Rash Decisions Early in Separation

Decisions, Decisions

My life came crumbling apart. My hopes and dreams were being destroyed forever. I was being faced with a life that I never wanted for me or my children. This was a life that I had clung to far beyond its reality. The reasons and much of the process are recorded in the blog. If you are interested read them. Much of my writing come out of my tears and anger, and the process of clearing myself of these emotions to move forward to the next steps in my life. These are processes that most men have to do on their own when they face the same problems in life.

My first reaction was to cling too hard. I thought a lot of “if only” thoughts. I fought to get her to stay. This was a purely emotional response. Men need to understand that by the time she has told you she wants a divorce, she has at the very least had fantasies of the moment. She is firmly planted on the idea. She more than likely has a plan and she may go along with you for some of these things, but she will execute the plan. Mine had not planned much beyond getting out of the house with me. She went to counseling and all the other things I asked, but she still moved out on her original schedule. The right thing to do when she says she wants a divorce is not to panic. It is simply to ask what her plan is, and remain as disinterested as possible. It is unlikely anything that you do at this point fixes your marriage, but if there is any hope of re-capturing her heart, it is in showing that you are going to be just fine without her. Marriage counseling is generally for chumps. It isn’t effective, and the advice you will usually get comes down to you aren’t doing enough things she wants you to do, but if you look at your lifestyle, she determines what you do most of the time. Man up and do what you want to do. Set boundaries while you are still in the house, and take charge of how your family is going to split. If she is truly determined to leave, then you will have some control of the process. If she is not determined to leave, then you are showing the masculine traits she needs to see to be attracted to you.

We lived twenty miles outside the nearest suburb. She wanted to move into the suburbs when she left. She changed the kids schools and moved. I probably could have stopped her, and maybe I should have. That doesn’t matter so much as I didn’t even evaluate what was best for me and the kids. I could have made a lot of choices here. Changing schools is a joint decision. I could have immediately gone to court for temporary orders to require them to stay in their current schools. Maybe I should have. I won’t know the answer to that, but I didn’t even think about it. I was responding to her plan and actions. I saw some value in the move. All the kids activities were too far away from home. We had talked about moving before we talked about divorce, so it was reasonable. Boy what a trap that can be. Try arguing with a reasonable suggestion. Its tough. Its hard to argue that because of this change, I don’t want to do the other thing that we already agreed might be good.

I tried parenting from this town, but it was hard.
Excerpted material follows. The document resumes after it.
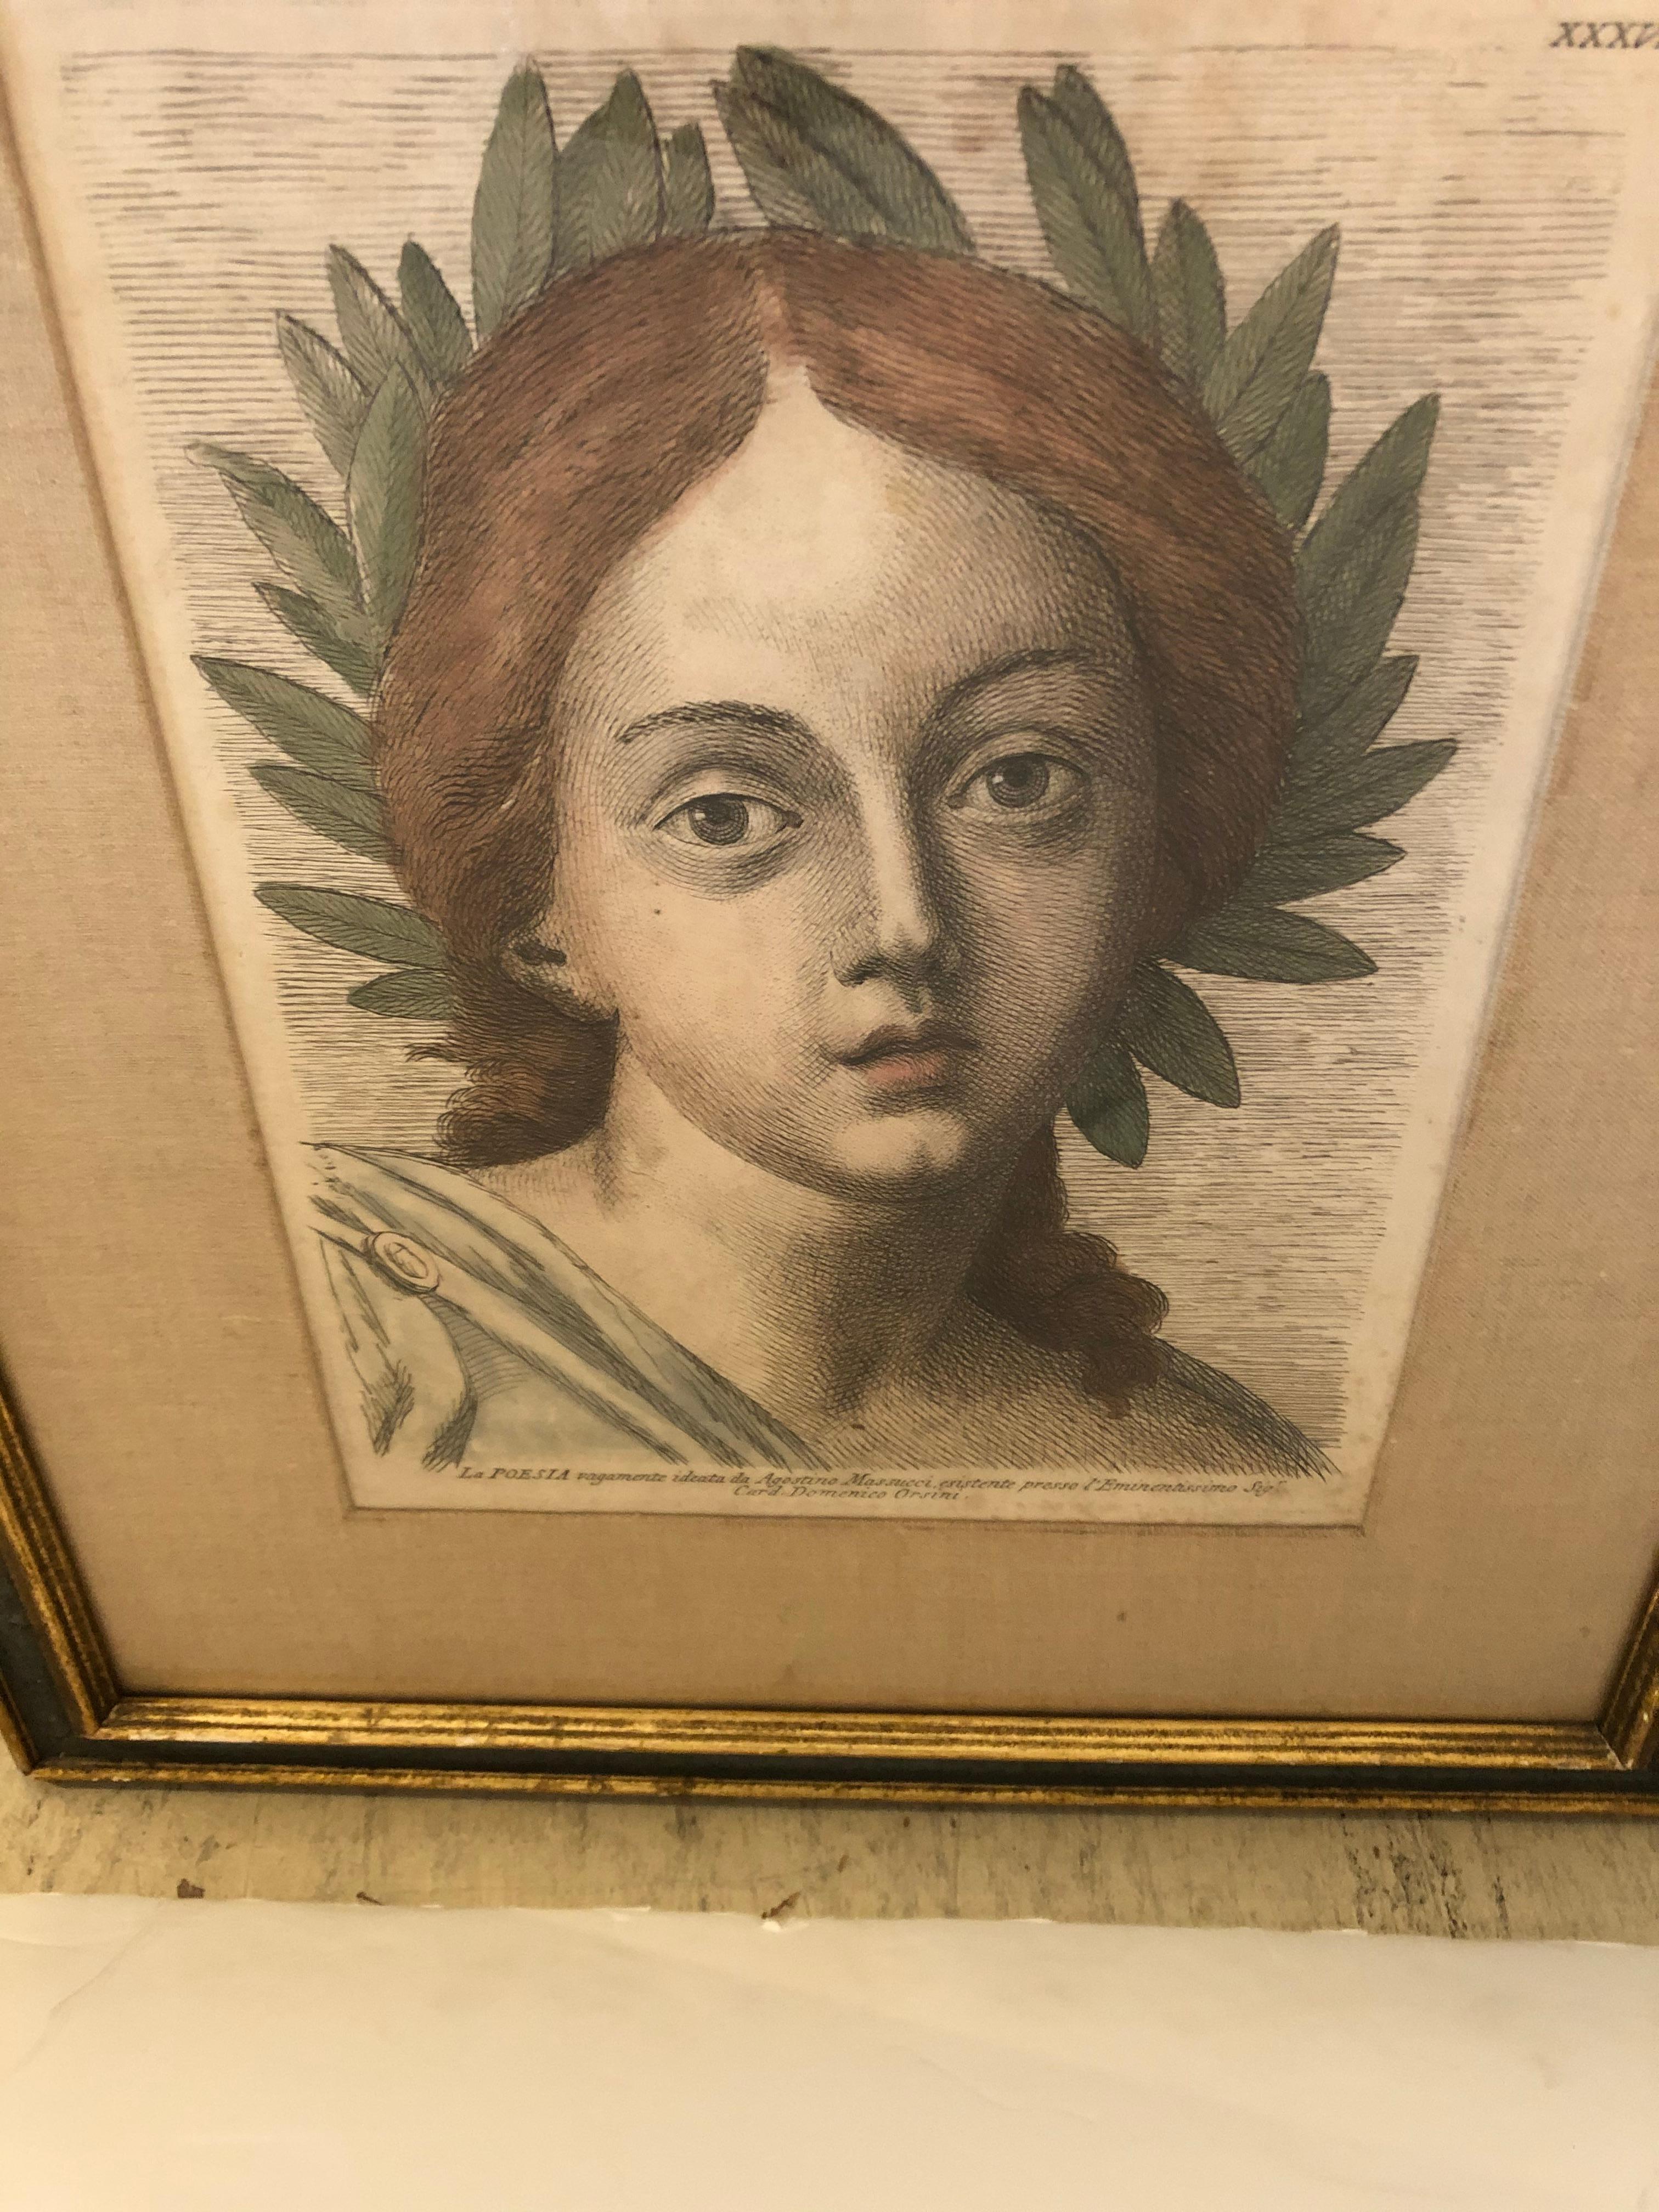 A beautiful early hand colored engraving of an ethereal female face adorned in head wreath.

I was scattered, and she spent the mortgage to move without telling me. I could have negotiated a new deal with the bank, and maybe I should have. I would have a house that is large enough for me and my girlfriend and all of our kids. They could all have their own room, which is an amazing thing. I loved the house. It fit my personality. If I had known she would move again a year later, I probably would have. I should have guessed that she would, but I wasn’t thinking much about things. I was just reacting. The bank would have offered me a new loan that is cheaper than anything I can rent now.

I tell you this, not so much because I regret the decision, but because I want men to think before the act. Stop reacting, and start making decisions based on the new circumstance. Don’t get railroaded by a woman who has been plotting for six months or more for this moment. She has the edge because of this, so slow down and really think about it. It is too late to save your marriage, so don’t run down that path, because it wastes precious time. If there is a chance to save the marriage, it will happen by you being assertive and direct in handling this circumstance. She says she wants a divorce, so go get a lawyer. File temporary orders that grant you equal time, the house, reasonable child support payments or none if you think you can make that work with her. Take charge and get the ball rolling. Don’t play softball, be a man. The divorce ball doesn’t need to run any faster after that, but now you have sure footing guaranteed by the courts. None of this prevents her from false abuse allegations, and if she is of that low of a character, then good luck. You can only hope that she is terribly inconsistent and you will prevail in court.

Once you have the first pieces in place, then take your time and do as much as you can without lawyers. This will save a fortune. I didn’t get those things in place, and when she filed, she tried to extract a large amount of child support. Thankfully the courts don’t respond quickly, so even though the orders were in place we negotiated a different deal that will hold from here on out. In the final orders any arrears can be cleared with a court order.

She had the first choice of stuff as she moved out. She didn’t take the newer furniture, and is pissed she made that decision, but we each got enough stuff. I don’t care if it was fair or not. There was no making both of totally happy. When I moved there was a ton of things left at the house. We took our time and took things as we saw the need. Ultimately she took more than me, but on the first move, I got what I cared about. Our stuff is thus divided with no real arguments. A few complaints, but no arguments. We will codify that in the divorce decree and its done.

I have written this over a course of a few days. It may not be totally congruent, but I am going to end it here. Slow down fellas, and make sure you are acting not reacting through the end of your marriage.